# Data excerpts
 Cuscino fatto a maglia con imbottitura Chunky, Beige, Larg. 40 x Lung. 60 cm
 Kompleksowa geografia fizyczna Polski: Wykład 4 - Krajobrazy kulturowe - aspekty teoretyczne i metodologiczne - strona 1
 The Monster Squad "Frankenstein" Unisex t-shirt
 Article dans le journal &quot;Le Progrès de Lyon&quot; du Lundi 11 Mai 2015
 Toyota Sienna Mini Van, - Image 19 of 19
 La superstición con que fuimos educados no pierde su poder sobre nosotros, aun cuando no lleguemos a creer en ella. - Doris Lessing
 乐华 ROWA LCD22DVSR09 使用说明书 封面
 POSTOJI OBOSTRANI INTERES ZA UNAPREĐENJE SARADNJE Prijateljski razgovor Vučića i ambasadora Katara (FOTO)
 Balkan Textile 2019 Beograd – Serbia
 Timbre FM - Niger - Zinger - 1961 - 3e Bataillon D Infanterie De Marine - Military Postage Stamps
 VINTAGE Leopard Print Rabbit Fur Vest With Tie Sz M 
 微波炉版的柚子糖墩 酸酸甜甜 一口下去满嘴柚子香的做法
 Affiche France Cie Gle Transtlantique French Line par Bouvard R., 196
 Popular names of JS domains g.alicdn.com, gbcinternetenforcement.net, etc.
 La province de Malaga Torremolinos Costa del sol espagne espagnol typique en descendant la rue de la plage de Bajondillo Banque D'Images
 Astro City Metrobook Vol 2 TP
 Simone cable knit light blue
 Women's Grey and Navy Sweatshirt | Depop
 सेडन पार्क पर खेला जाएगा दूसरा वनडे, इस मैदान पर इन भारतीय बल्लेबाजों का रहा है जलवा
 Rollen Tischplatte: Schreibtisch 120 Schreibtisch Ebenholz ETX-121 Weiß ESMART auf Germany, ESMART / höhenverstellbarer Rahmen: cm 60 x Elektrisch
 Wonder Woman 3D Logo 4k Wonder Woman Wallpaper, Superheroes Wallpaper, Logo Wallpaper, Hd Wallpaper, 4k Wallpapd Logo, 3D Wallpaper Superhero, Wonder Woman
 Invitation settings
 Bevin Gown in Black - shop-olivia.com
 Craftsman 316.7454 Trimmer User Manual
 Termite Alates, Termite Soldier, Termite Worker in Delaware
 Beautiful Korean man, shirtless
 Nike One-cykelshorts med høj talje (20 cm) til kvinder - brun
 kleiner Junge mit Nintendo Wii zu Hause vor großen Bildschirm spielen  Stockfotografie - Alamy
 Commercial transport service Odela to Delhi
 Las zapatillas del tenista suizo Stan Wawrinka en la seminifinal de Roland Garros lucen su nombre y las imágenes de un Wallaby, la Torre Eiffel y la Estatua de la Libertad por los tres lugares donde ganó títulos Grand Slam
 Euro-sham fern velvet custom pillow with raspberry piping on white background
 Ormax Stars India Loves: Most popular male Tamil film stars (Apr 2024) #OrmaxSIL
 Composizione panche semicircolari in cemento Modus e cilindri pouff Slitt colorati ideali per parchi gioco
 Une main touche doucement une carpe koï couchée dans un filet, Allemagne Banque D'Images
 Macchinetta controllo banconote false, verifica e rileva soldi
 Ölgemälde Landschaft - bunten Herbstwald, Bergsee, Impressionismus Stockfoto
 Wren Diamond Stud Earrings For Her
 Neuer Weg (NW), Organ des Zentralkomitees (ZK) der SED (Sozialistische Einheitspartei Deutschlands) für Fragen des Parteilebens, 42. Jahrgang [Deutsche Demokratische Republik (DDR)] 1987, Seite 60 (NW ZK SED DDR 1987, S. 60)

# What needs to be done
Write down exactly every line of the material above up to and including the line containing "Article dans le".

# Reply to the task
 Cuscino fatto a maglia con imbottitura Chunky, Beige, Larg. 40 x Lung. 60 cm
 Kompleksowa geografia fizyczna Polski: Wykład 4 - Krajobrazy kulturowe - aspekty teoretyczne i metodologiczne - strona 1
 The Monster Squad "Frankenstein" Unisex t-shirt
 Article dans le journal &quot;Le Progrès de Lyon&quot; du Lundi 11 Mai 2015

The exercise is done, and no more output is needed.